Sounds good but the other posts paint a different story to the proceedings
2e and 3e had way way better adventures then 5e. Even 4e had some really good adventures. However, I’ve found 5e stuff to just be a bit bland, and usually very very basic (none of the in depth detail).
This book isn’t going to sell well. I’m sure there is a small market for it, but I don’t see it selling big numbers. I mean come on, Mercer isn’t even on the list.
I think it will sell well enough. No doubt they will throw in a new race or subclass, some spells and magic items, just to make people buy it.
I don’t remember seeing anything on paper about Candlekeep so, just for that, it will be interesting.
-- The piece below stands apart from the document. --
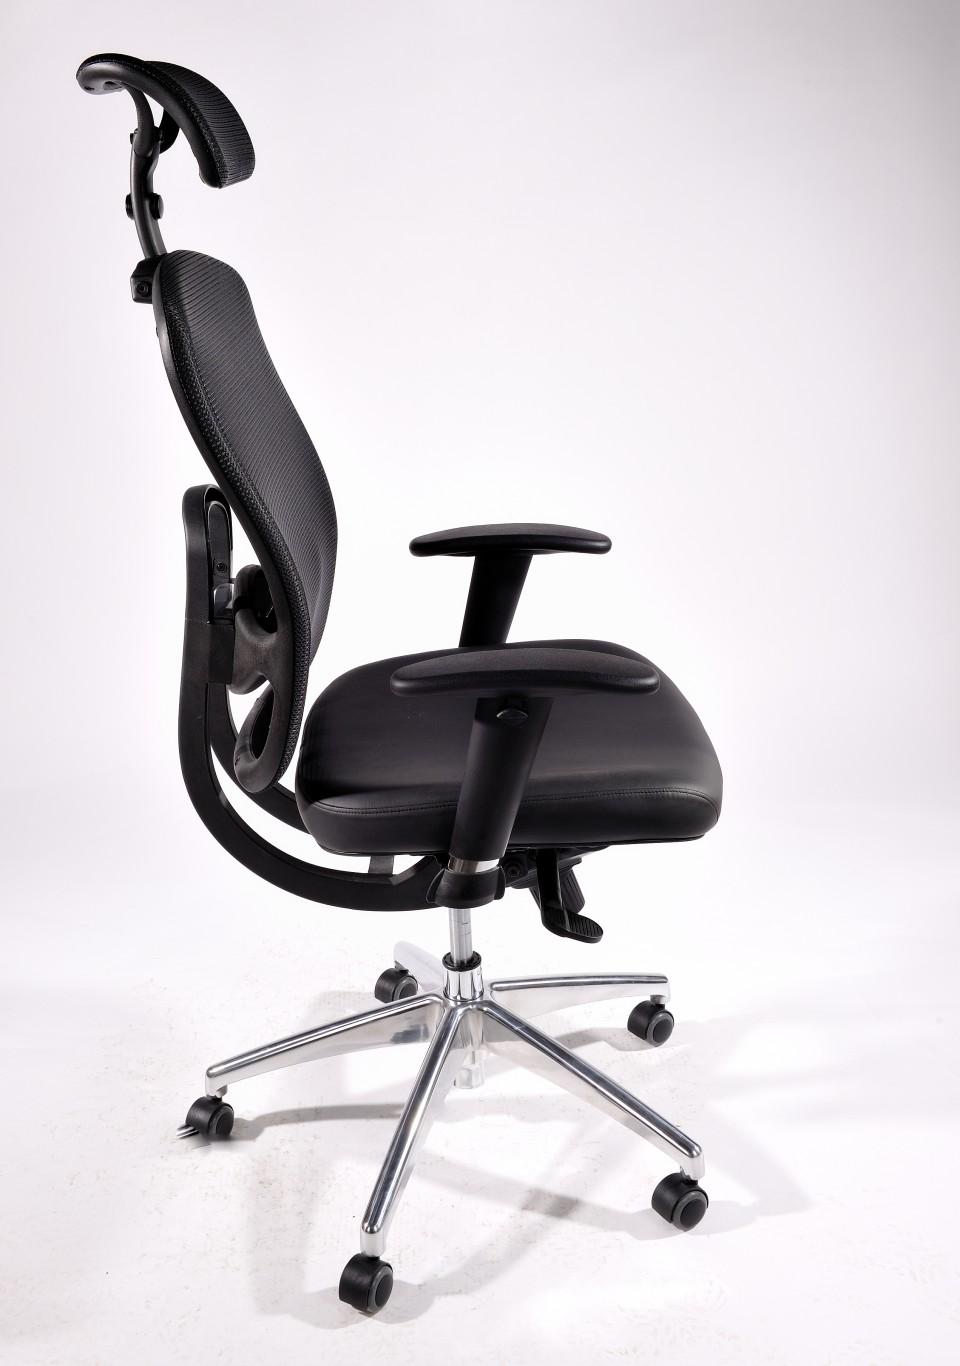 fauteuil de bureau ergonomique ergo seat achat si ges ergonomiques 297 00. Black Bedroom Furniture Sets. Home Design Ideas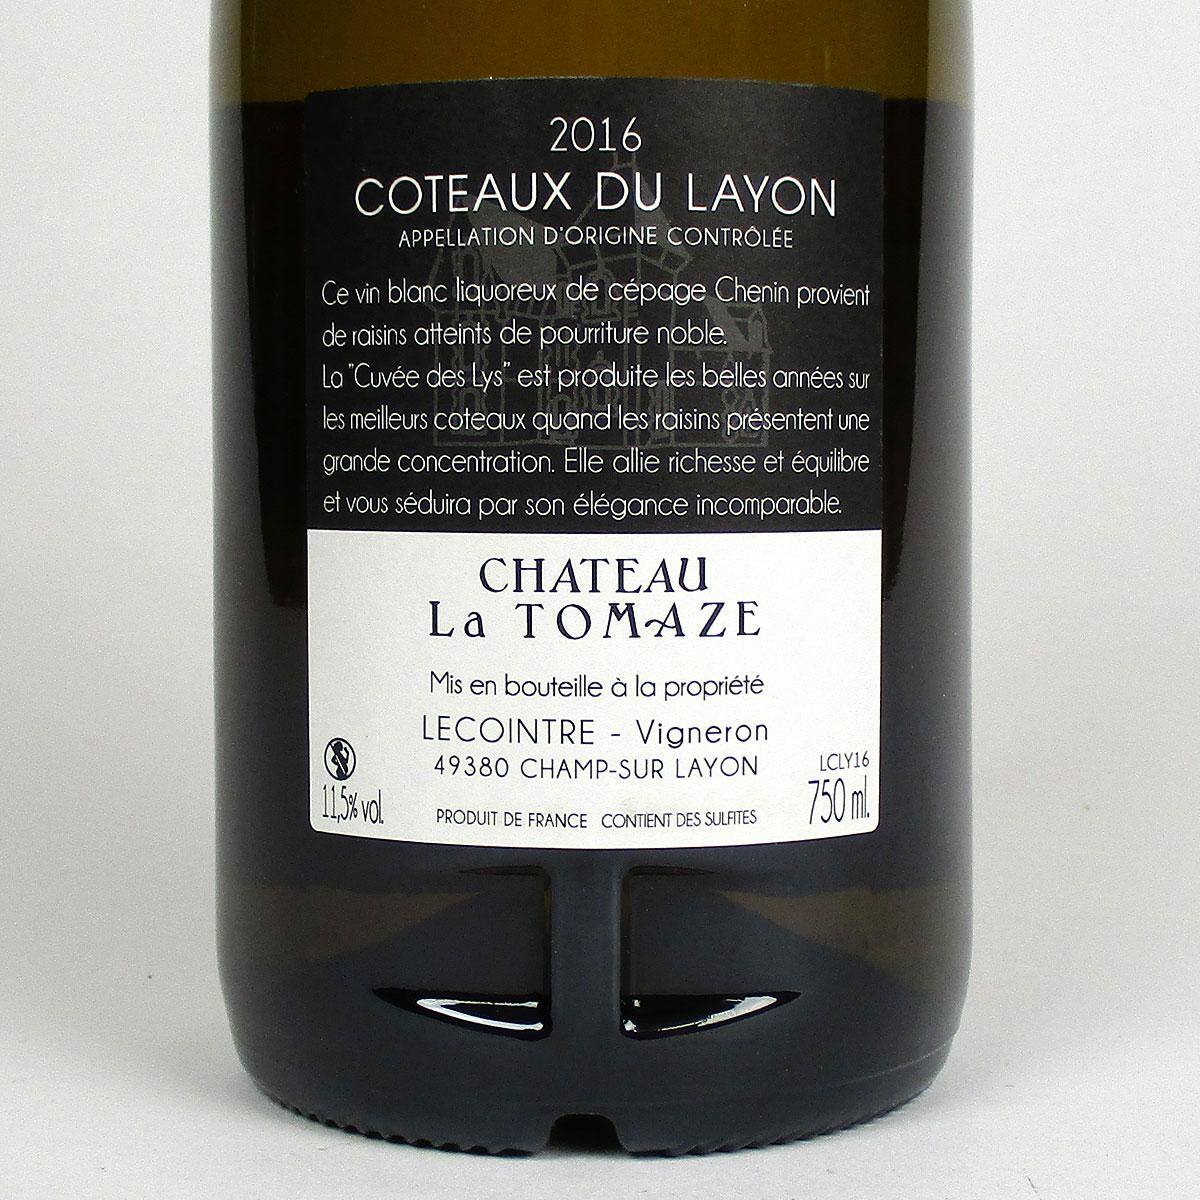 Coteaux du Layon: 'Cuvée des Lys' Château la Tomaze 2016 - Bottle Rear Label

The small adventure seeds can be good too but, i do agree with @tankkommander , we DM really need to fix the adventures compare to back in the day (even though they add many mistakes like a hydra in a 10×10 room!)…
I really like the system of 5th edition and reading the books (not the indexes though 🙂 )
Yep. The ‘excuse’ for the unbalanced first encounter in Rime was that “you are not meant to fight him at 1st level”….well thanks, I do hope as DM I can force my players not to take certain actions and hope they don’t feel railroaded :p And which one had the dragon attack the town, but it told the DM to play the dragon as dumb… nothing like taking an iconic D&D monster and making it look like trash.
Oh boy!
Also beeing a player, i can say that players can do dumb actions… If players are not suppose to do something, don’t put them in front of it! They should maybe see the aftermath of a dragon attack…
I think I might prefer this to other published adventures. I usually ended up just taking the parts out of them that I wanted to and ignoring the rest anyway so a more loosely connected set would make that easier I imagine. Plus the finding a book hook is easy to drop into ongoing adventures.